## TASK TO COMPLETE
Pictures in the material below are to be left out, and only the lines from the line with "Master Sun's Art of War" up to and including the line with "Miss June’s| Men’s" are to be written out exactly.

## DATA TO PROCESS
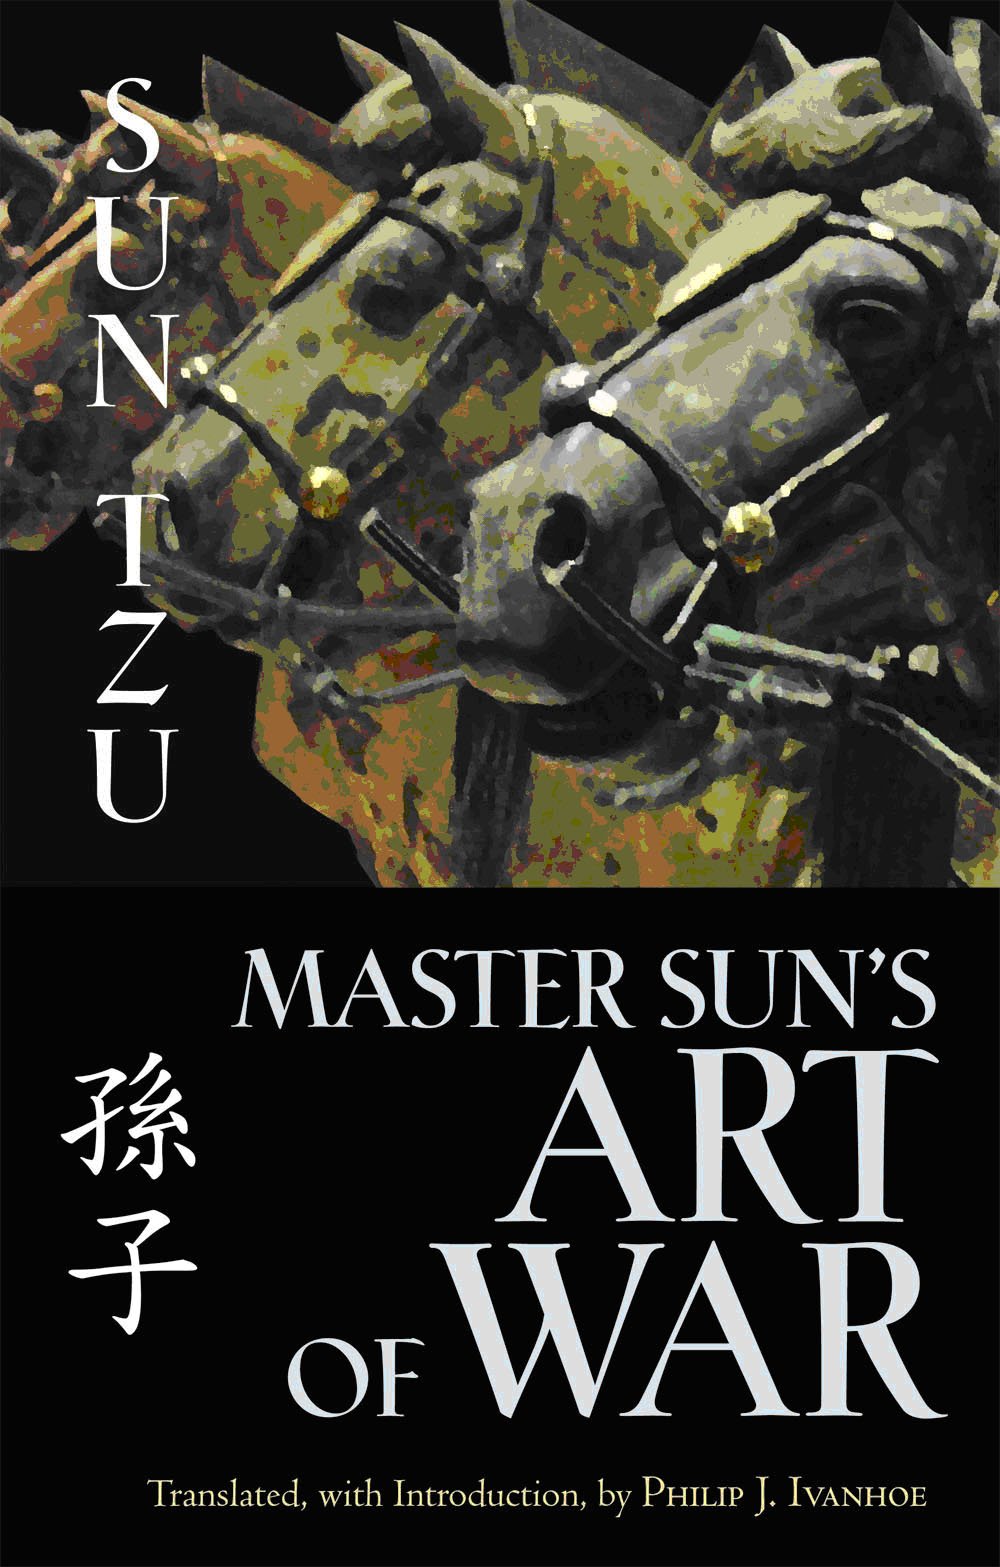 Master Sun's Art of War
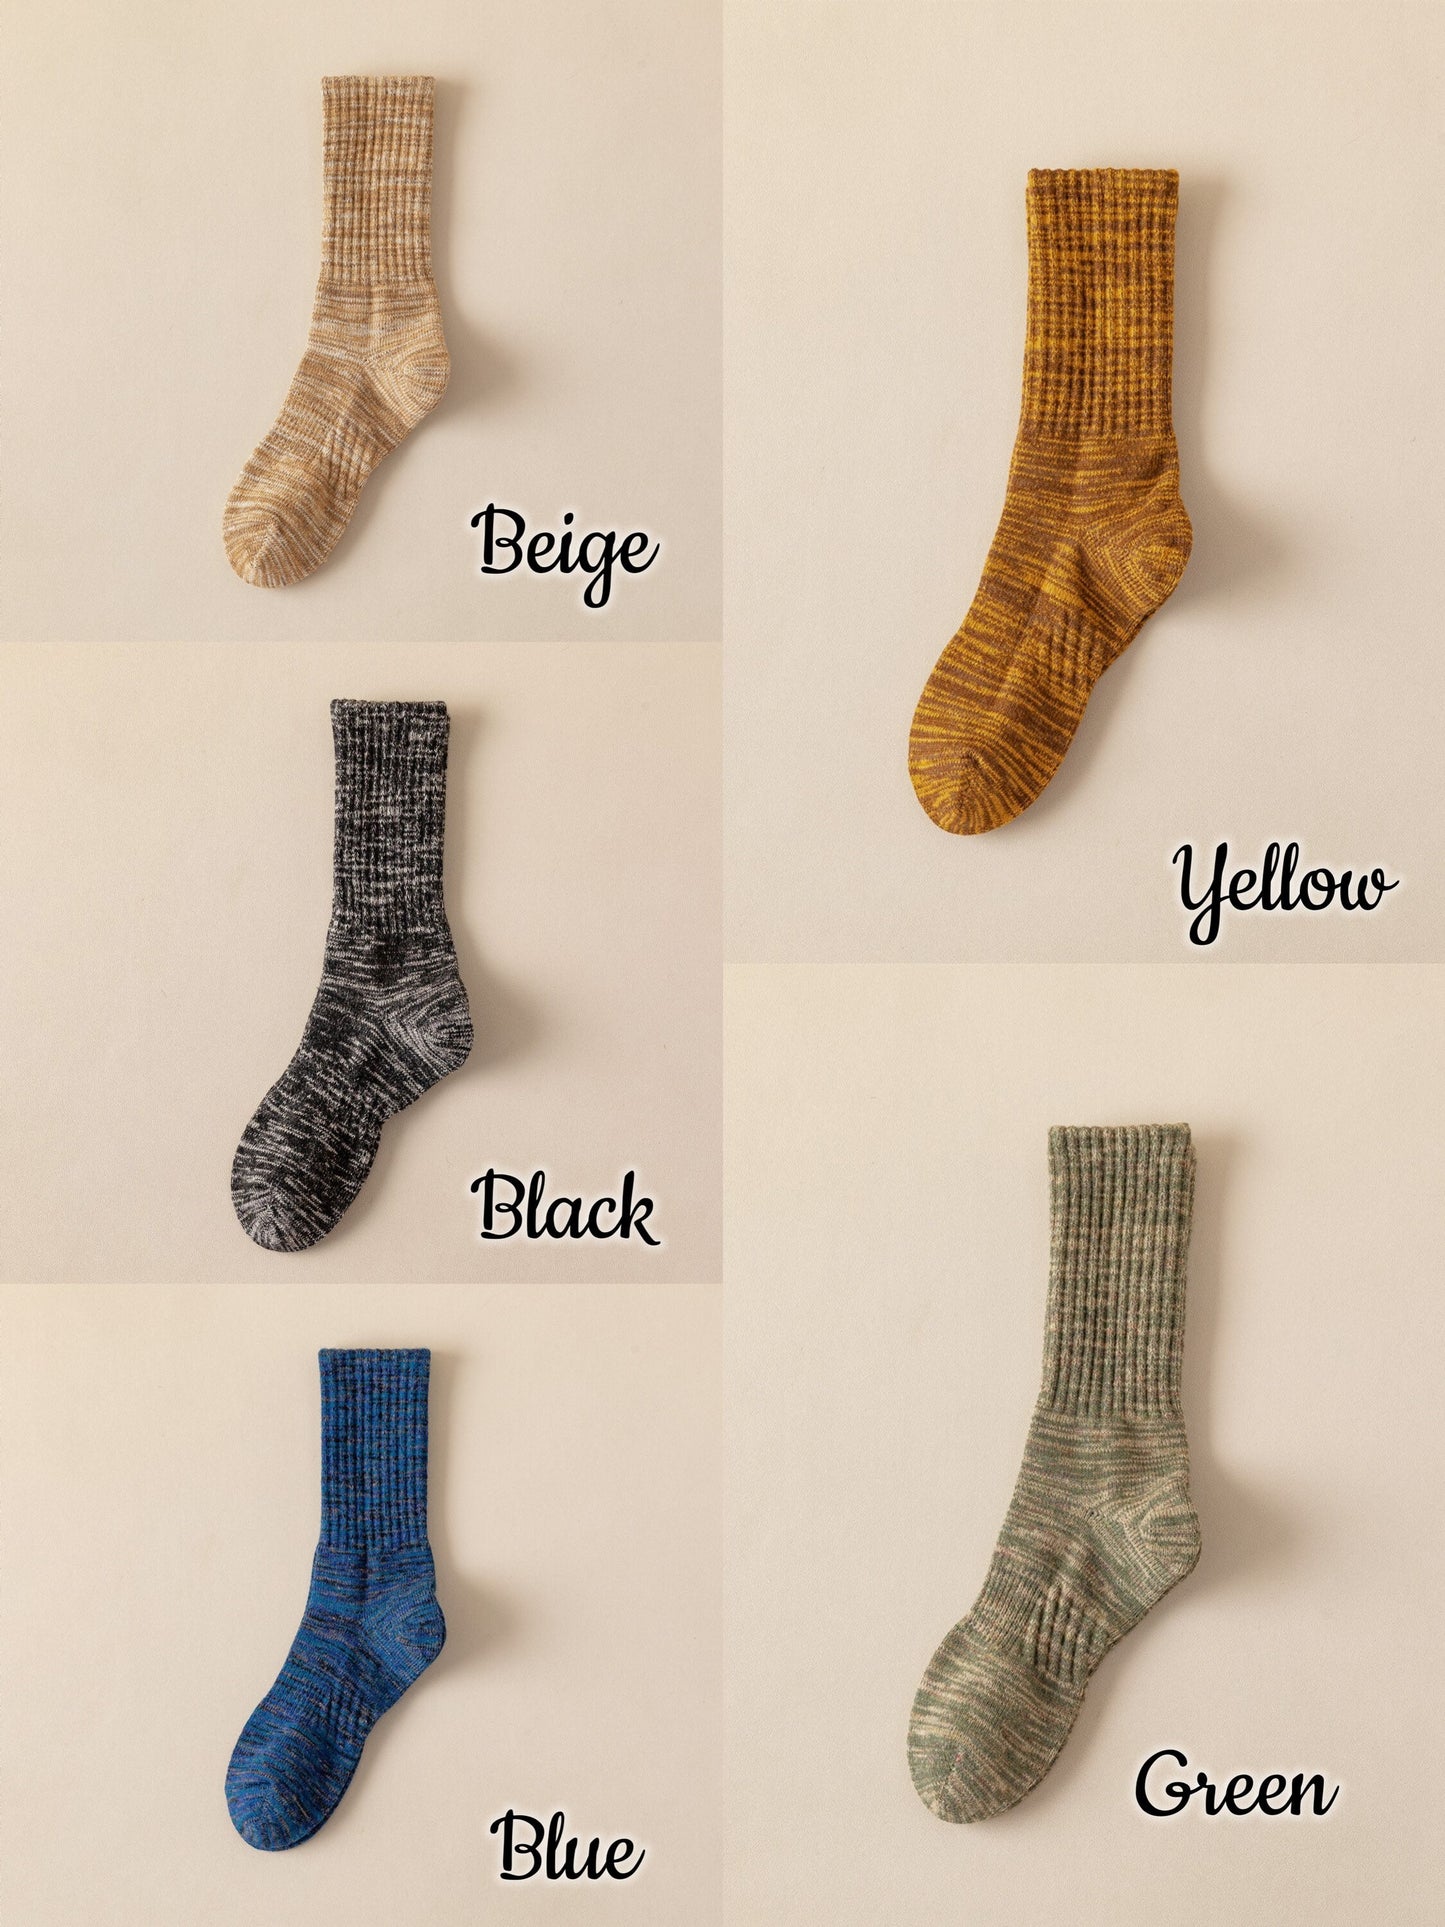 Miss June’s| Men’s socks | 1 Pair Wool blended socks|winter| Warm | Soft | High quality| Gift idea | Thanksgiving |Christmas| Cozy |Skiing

---

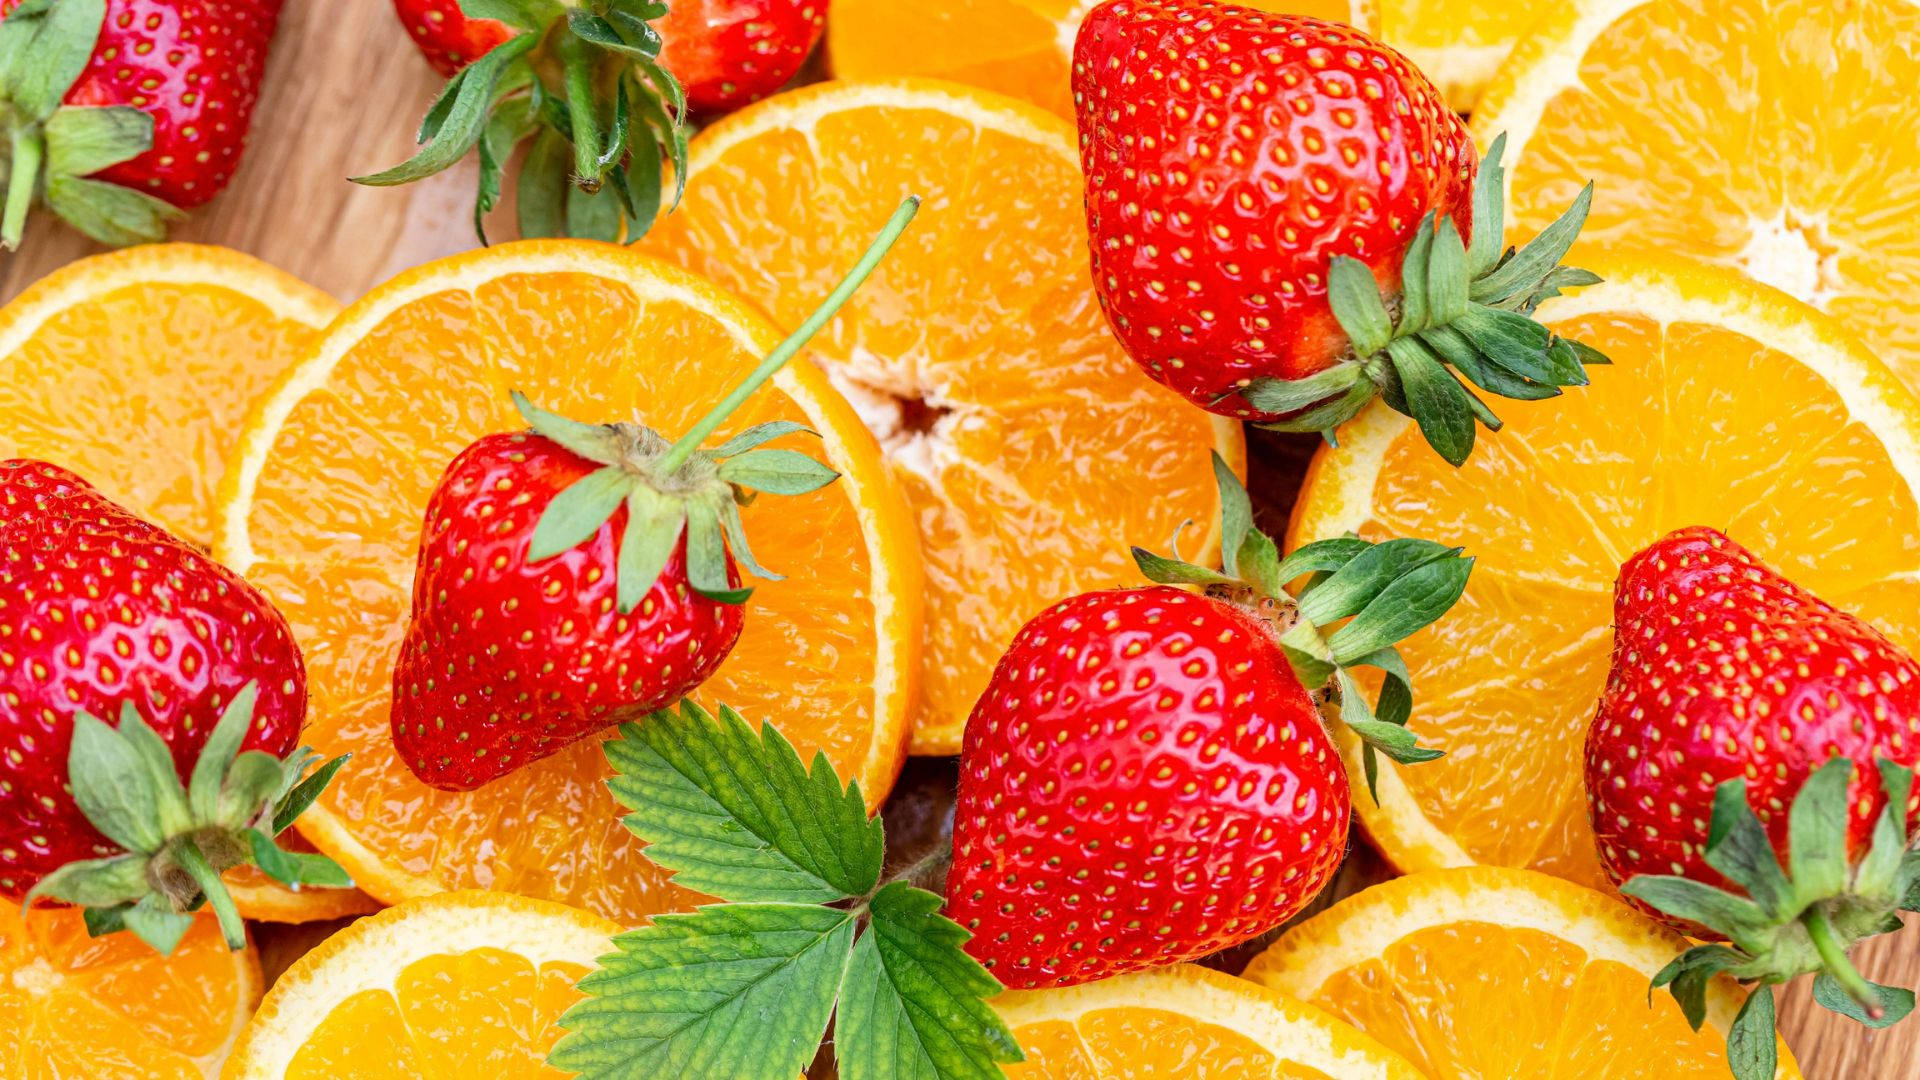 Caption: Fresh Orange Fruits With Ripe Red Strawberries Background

...

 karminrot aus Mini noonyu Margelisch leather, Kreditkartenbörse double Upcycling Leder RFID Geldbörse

## COMPLETED TASK
 Master Sun's Art of War
 Miss June’s| Men’s socks | 1 Pair Wool blended socks|winter| Warm | Soft | High quality| Gift idea | Thanksgiving |Christmas| Cozy |Skiing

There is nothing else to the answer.